Re: [PATCH v11 00/23] x86/resctrl : Support AMD Assignable Bandwidth Monitoring Counters (ABMC)

From: Peter Newman
Date: Mon Feb 03 2025 - 10:02:02 EST


Hi Babu,

On Wed, Jan 22, 2025 at 9:20 PM Babu Moger <babu.moger@xxxxxxx> wrote:
>
>
> This series adds the support for Assignable Bandwidth Monitoring Counters
> (ABMC). It is also called QoS RMID Pinning feature
>
> Series is written such that it is easier to support other assignable
> features supported from different vendors.
>
> The feature details are documented in the APM listed below [1].
> [1] AMD64 Architecture Programmer's Manual Volume 2: System Programming
> Publication # 24593 Revision 3.41 section 19.3.3.3 Assignable Bandwidth
> Monitoring (ABMC).
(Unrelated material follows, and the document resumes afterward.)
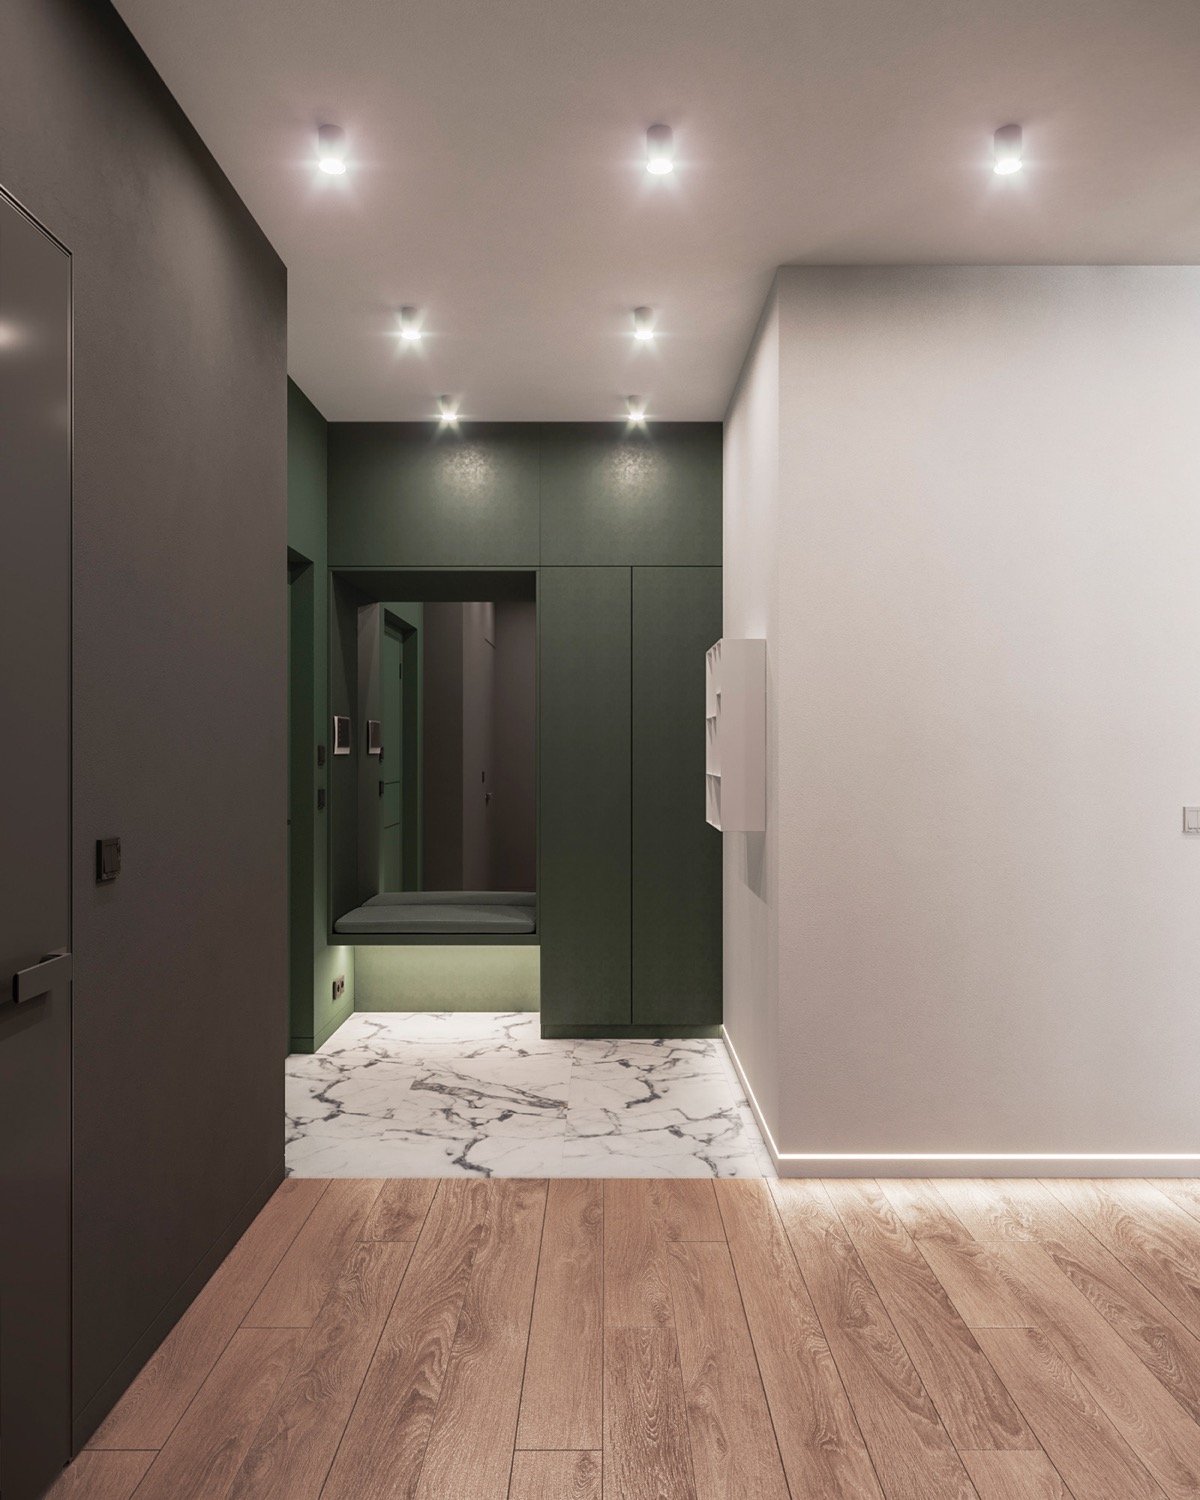 Lối vào căn hộ có thiết kế đơn giản, gọn gàng và tiện dụng với băng ghế ngồi tích hợp tủ kệ màu xanh lá cây.
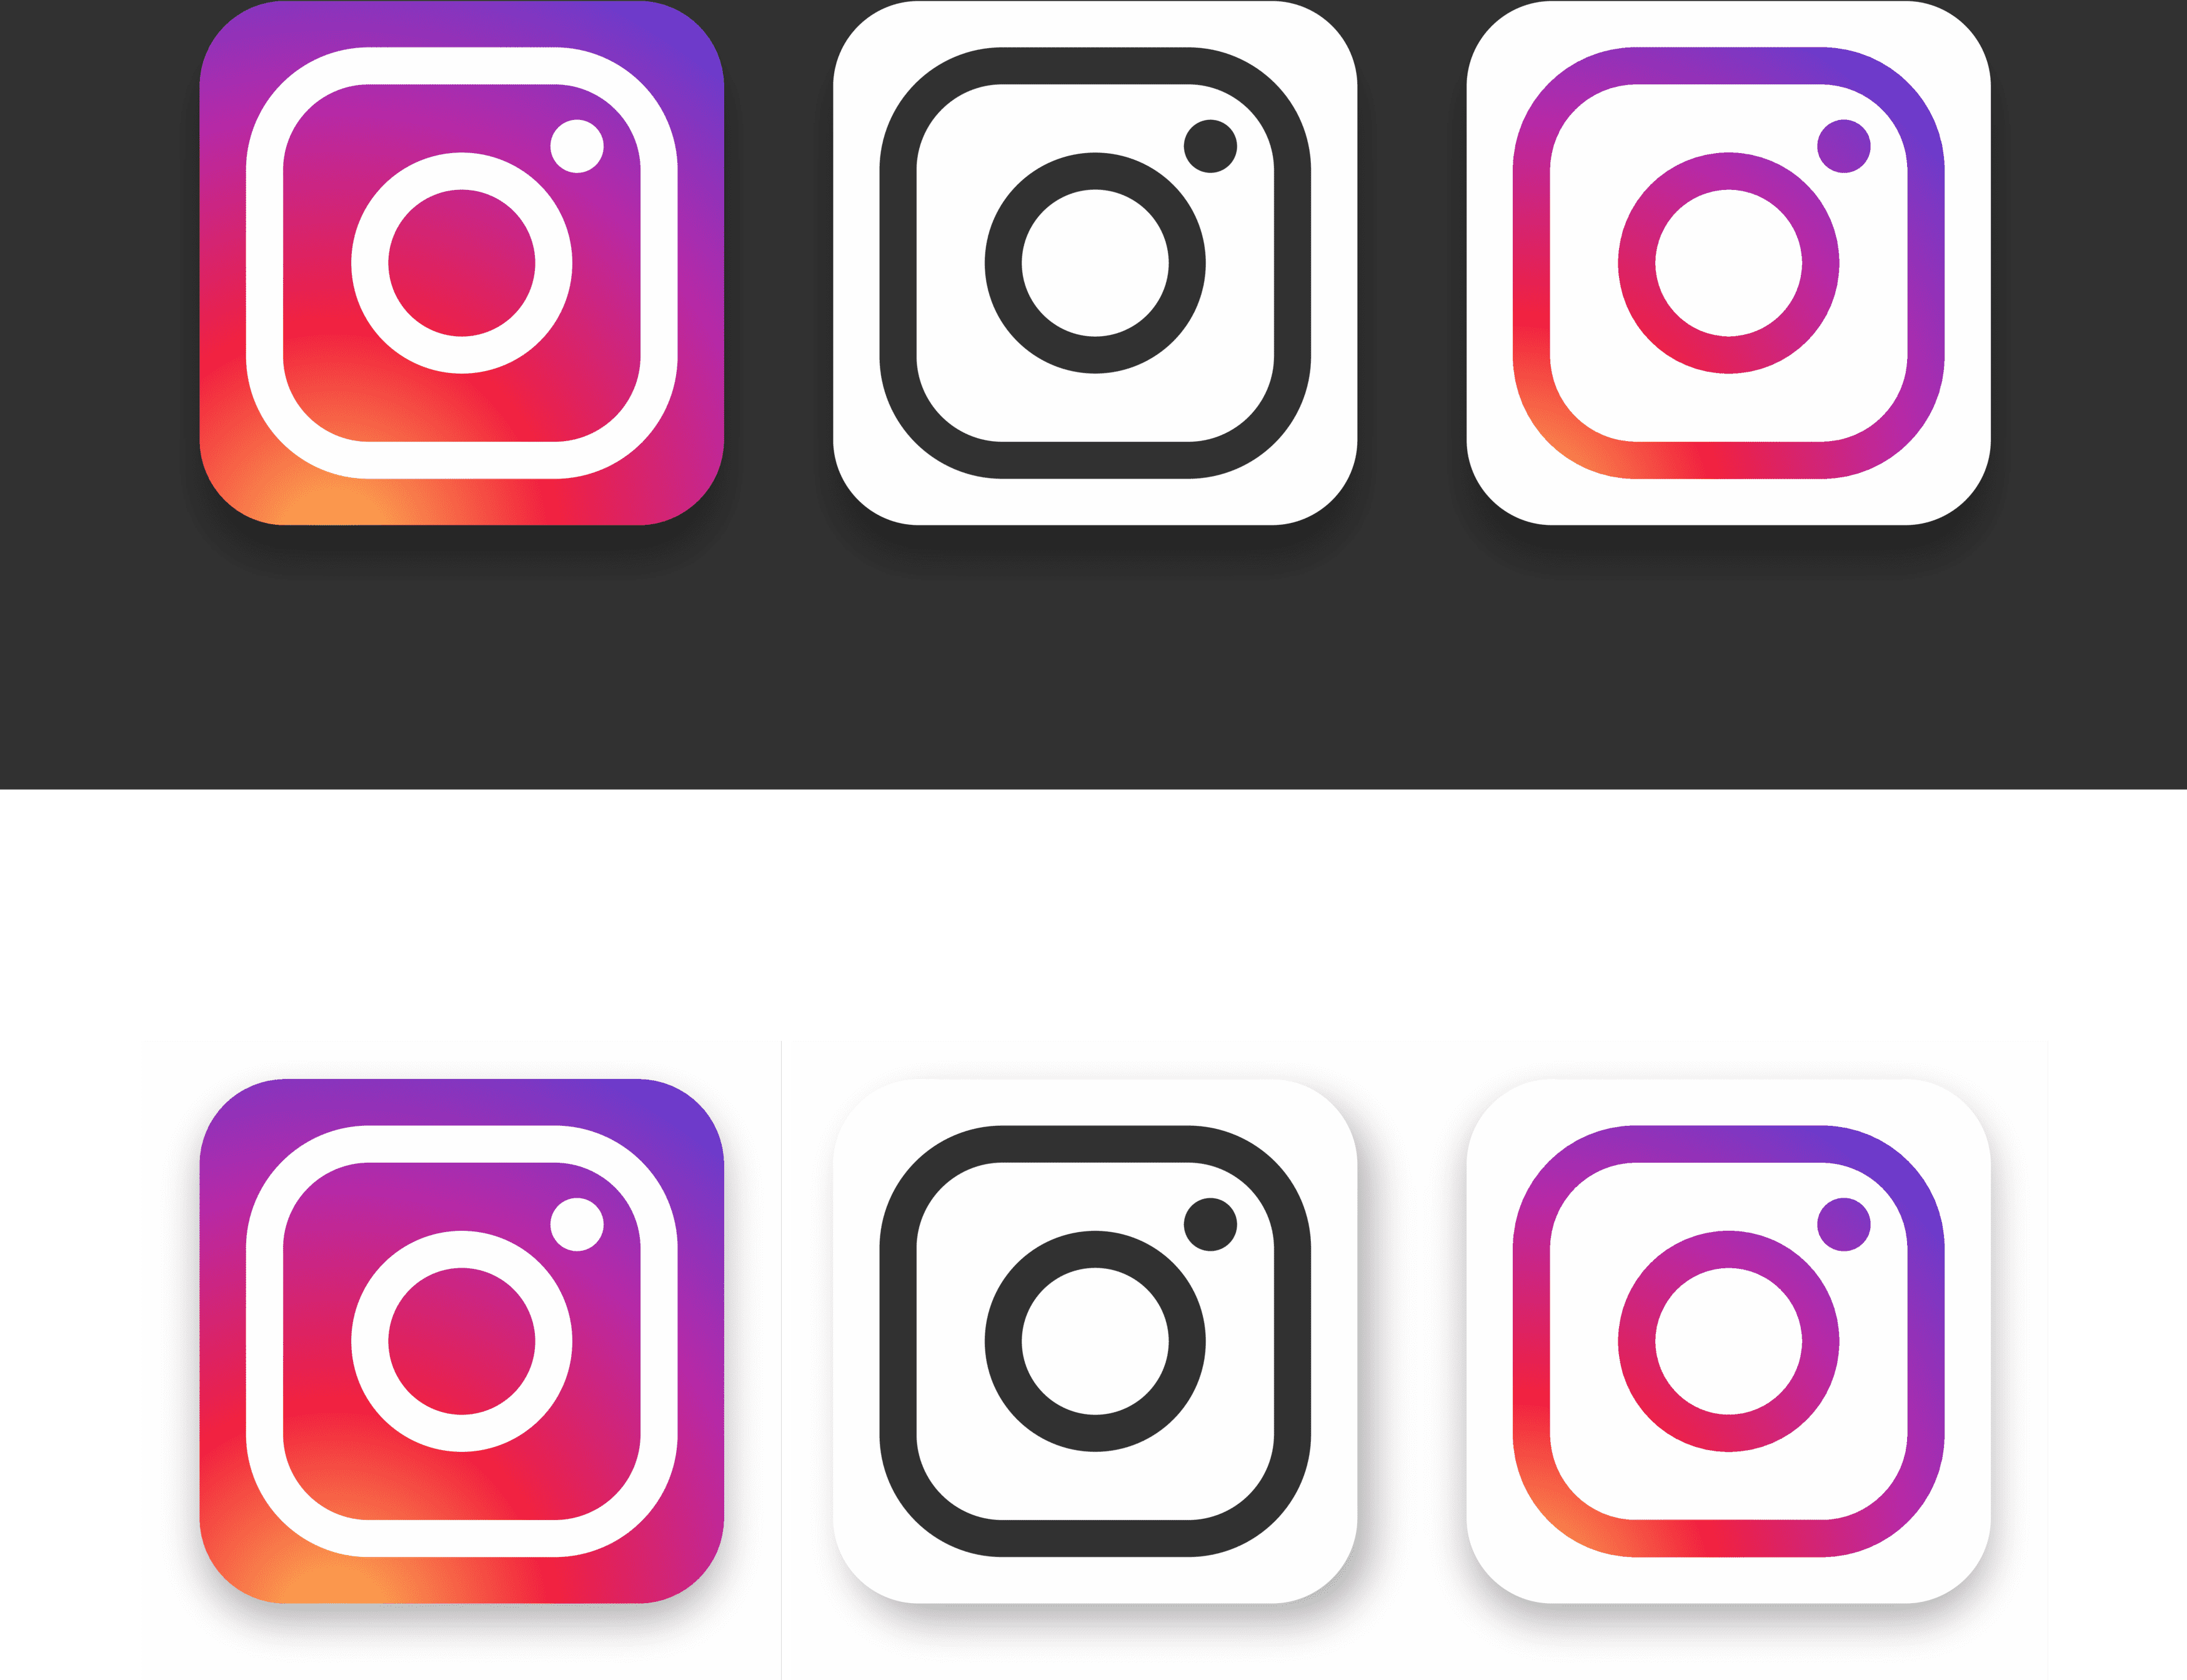 دانلود عکس لوگو های اینستاگرام با پس زمینه و بدون پس زمینه رایگان

The documentation is available at
> Link: https://bugzilla.kernel.org/show_bug.cgi?id=206537
>
> The patches are based on top of commit
> d361b84d51bfe (tip/master) Merge branch into tip/master: 'x86/tdx'
>
> # Introduction
>
> Users can create as many monitor groups as RMIDs supported by the hardware.
> However, bandwidth monitoring feature on AMD system only guarantees that
> RMIDs currently assigned to a processor will be tracked by hardware.
> The counters of any other RMIDs which are no longer being tracked will be
> reset to zero. The MBM event counters return "Unavailable" for the RMIDs
> that are not tracked by hardware. So, there can be only limited number of
> groups that can give guaranteed monitoring numbers. With ever changing
> configurations there is no way to definitely know which of these groups
> are being tracked for certain point of time. Users do not have the option
> to monitor a group or set of groups for certain period of time without
> worrying about counter being reset in between.
>
> The ABMC feature provides an option to the user to assign a hardware
> counter to an RMID, event pair and monitor the bandwidth as long as it is
> assigned. The assigned RMID will be tracked by the hardware until the user
> unassigns it manually. There is no need to worry about counters being reset
> during this period. Additionally, the user can specify a bitmask identifying
> the specific bandwidth types from the given source to track with the counter.
>
> Without ABMC enabled, monitoring will work in current 'default' mode without
> assignment option.
>
> # Linux Implementation
>
> Create a generic interface aimed to support user space assignment
> of scarce counters used for monitoring. First usage of interface
> is by ABMC with option to expand usage to "soft-ABMC" and MPAM
> counters in future.

As a reminder of the work related to this, please take a look at the
thread where Reinette proposed a "shared counters" mode in
mbm_assign_control[1]. I am currently working to demonstrate that this
combined with the mbm_*_bytes_per_second events discussed earlier in
the same thread will address my users' concerns about the overhead of
reading a large number of MBM counters, resulting from a maximal
number of monitoring groups whose jobs are not isolated to any L3
monitoring domain.

ABMC will add to the number of registers which need to be programmed
in each domain, so I will need to demonstrate that ABMC combined with
these additional features addresses their performance concerns and
that the resulting interface is user-friendly enough that they will
not need a detailed understanding of the implementation to avoid an
unacceptable performance degradation (i.e., needing to understand what
conditions will increase the number of IPIs required).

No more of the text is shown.